Barr was questioned repeatedly about Trump’s orders that McGahn fire Mueller in June 2017, then lie about the incident some six months later — even creating a false White House record denying the whole thing ever happened.
Barr testified that Trump could have genuinely believed that the press, led by the New York Times, misreported this story and that he simply wanted McGahn to correct the record.
“There is evidence that the President actually thought and believed that the Times article was wrong,” Barr said. “That is evidence on the P resident’s side of the ledger that he actually thought it was wrong and was asking for its correction. It is also possible, the report says, that the President’s intent was directed at the publicity and the press. The government has to prove things beyond a reasonable doubt.”
When Trump discouraged his associates from cooperating with the federal government, he was probably just trying to make sure they didn’t lie to get a better deal, Barr said.
Trump’s many tweets, public comments and private exhortations to Michael Cohen, Roger Stone, Michael Flynn, Paul Manafort and others to remain “strong” and not “flip” were “not obstruction,” Barr said.

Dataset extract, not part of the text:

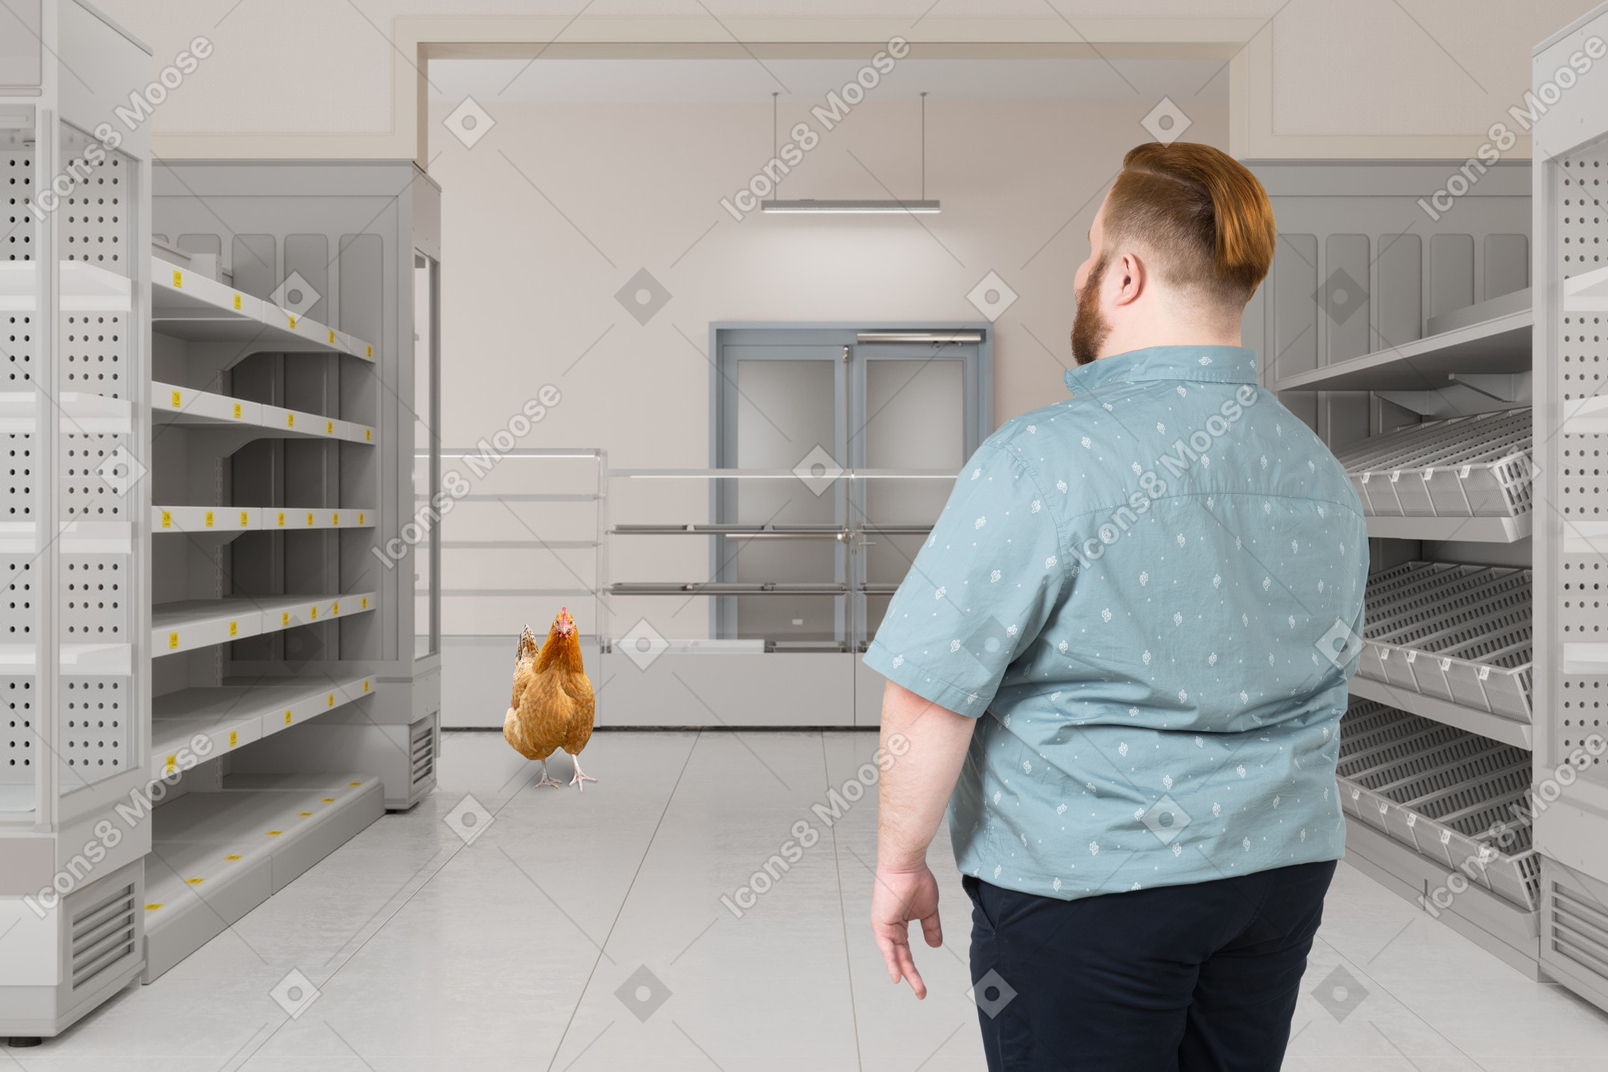 Man standing in an empty grocery isle looking at rooster
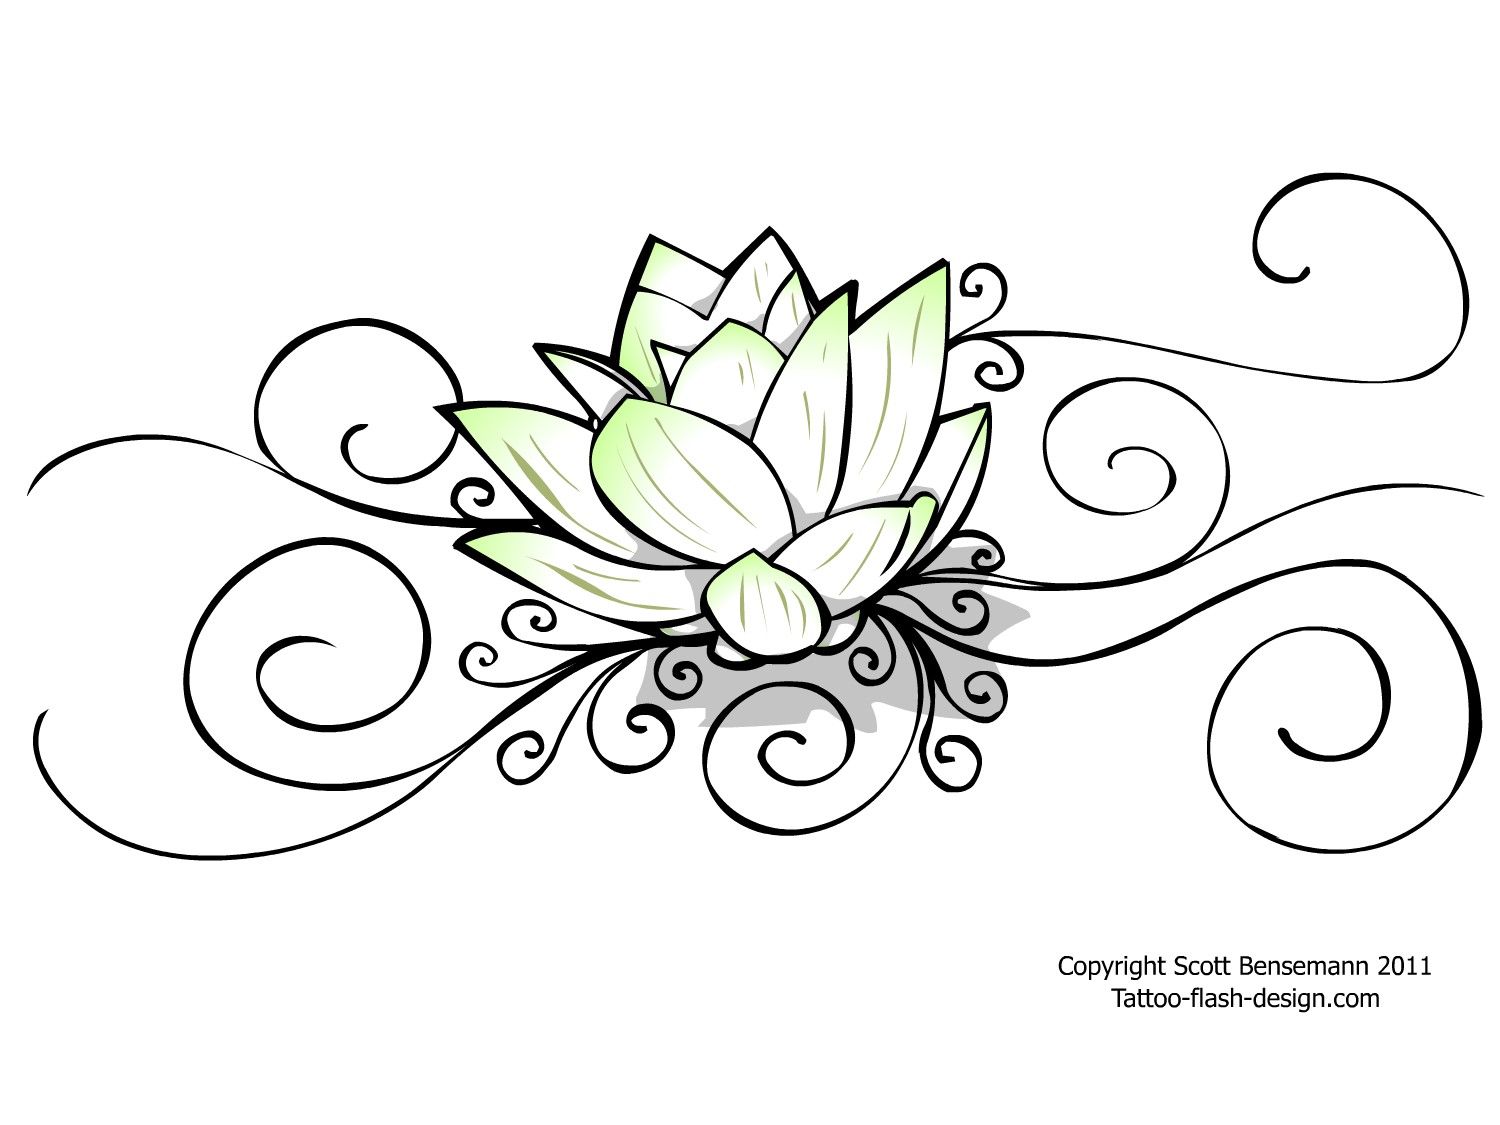 Japanese Water Lily Tattoo Design: Real Photo, Pictures, Images ...

“The evidence, I think what the President’s lawyers would say, is that the President’s statements about flipping are quite clear and express and uniformly the same which is, by flipping he meant succumbing to pressure on unrelated cases to lie and compose in order to get lenient treatment,” Barr testified. “That is not — it’s a discouraging flipping in that sense, it’s not obstruction.”
TPM’s Tierney Sneed reported that this rhetorical backflipping prompted laughter in the hearing room.
After pouring over the 488-page report, overseeing its redaction, and repeatedly offering his public assessment of it, Barr said Wednesday that he still doesn’t quite get what Mueller had to say about the Trump obstruction question.
Asked by Sen. John Kennedy (R-LA) why Mueller didn’t reach a conclusion on this topic, Barr said he “really couldn’t recapitulate it.”
“The deputy was with me, the principle associate deputy,” Barr said, describing a March 5 meeting with Mueller to discuss the final report. “We didn’t really get a clear understanding of the reasoning. And the report, I’m not sure exactly what the full line of reasoning is and that’s one of the reasons I didn’t want to try to put words in Bob Mueller’s mouth.”
Mueller relays in the report that he adhered to Justice Department policy that a sitting president can’t be indicted, in part because they are unable to defend themselves in court. The special counsel expressly said that he would have exonerated Trump on this issue if he could, but could not. He laid out multiple reasons why Trump would want to obstruct this particular investigation, including the fear that Mueller would discover evidence of a crime.
As it happens, former Trump attorney Michael Cohen is headed to jail this week in part for a hush money scheme that the President orchestrated to pay off women who claimed during the 2016 campaign to have carried out affairs with Trump. That case was spun off from Mueller’s investigation.